Try it –
For this exercise, restate word for word only the lines from the one containing "Georg Christian Unger" through the last line below. Pictures do not get copied.
##### Material provided #####
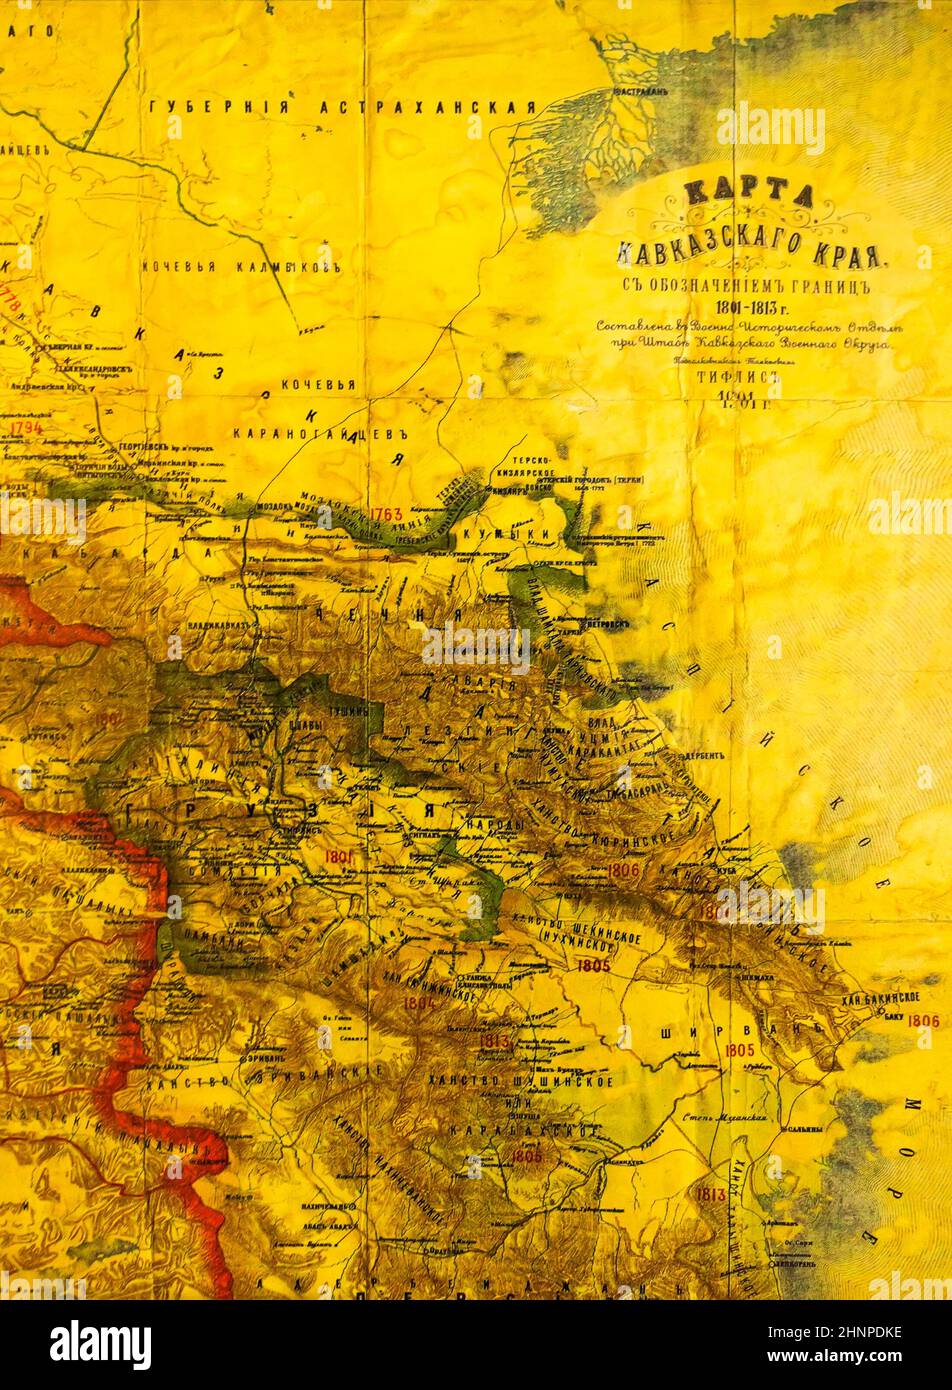 Map of the Caucasus region. Stock Photo
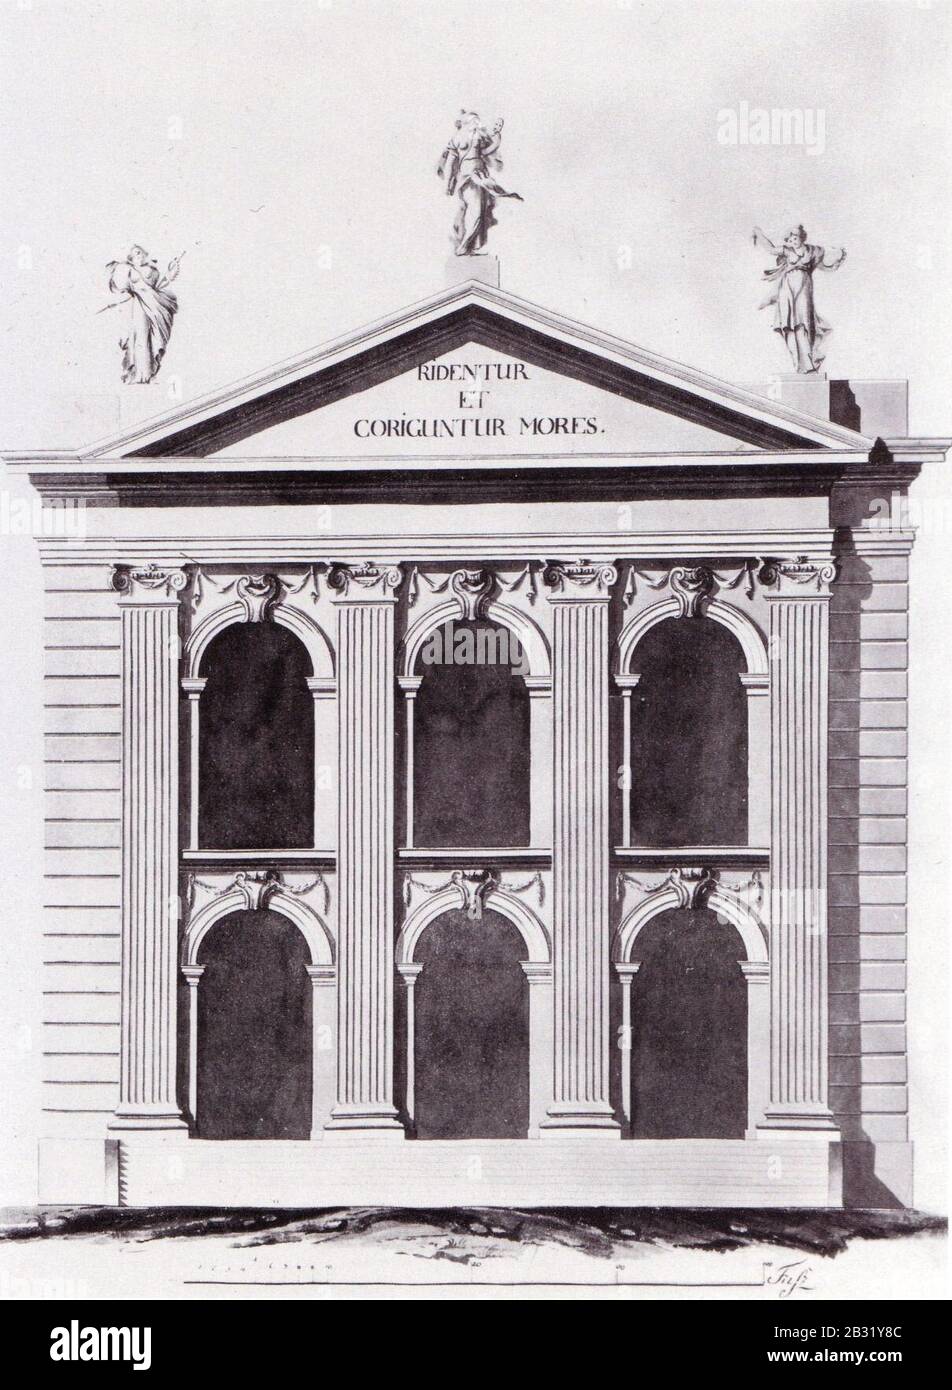 Georg Christian Unger - Fassadenentwurf fuer das Franzoesische Komoedienhaus Berlin, 1774. Stock Photo
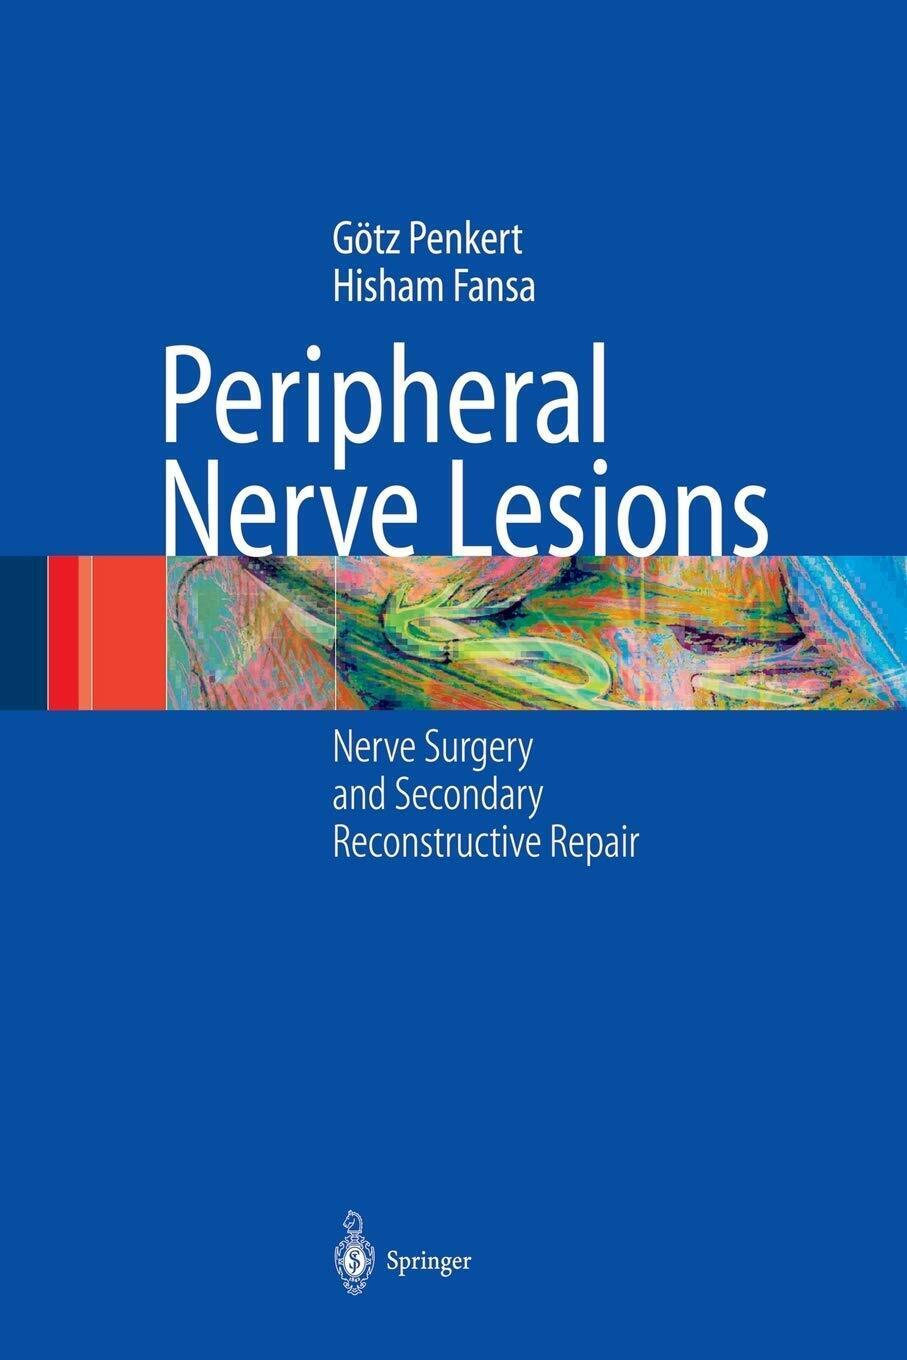 Peripheral Nerve Lesions - Hisham Fansa, G?tz Penkert - Springer, 2010
#####
Answer below –
 Georg Christian Unger - Fassadenentwurf fuer das Franzoesische Komoedienhaus Berlin, 1774. Stock Photo
 Peripheral Nerve Lesions - Hisham Fansa, G?tz Penkert - Springer, 2010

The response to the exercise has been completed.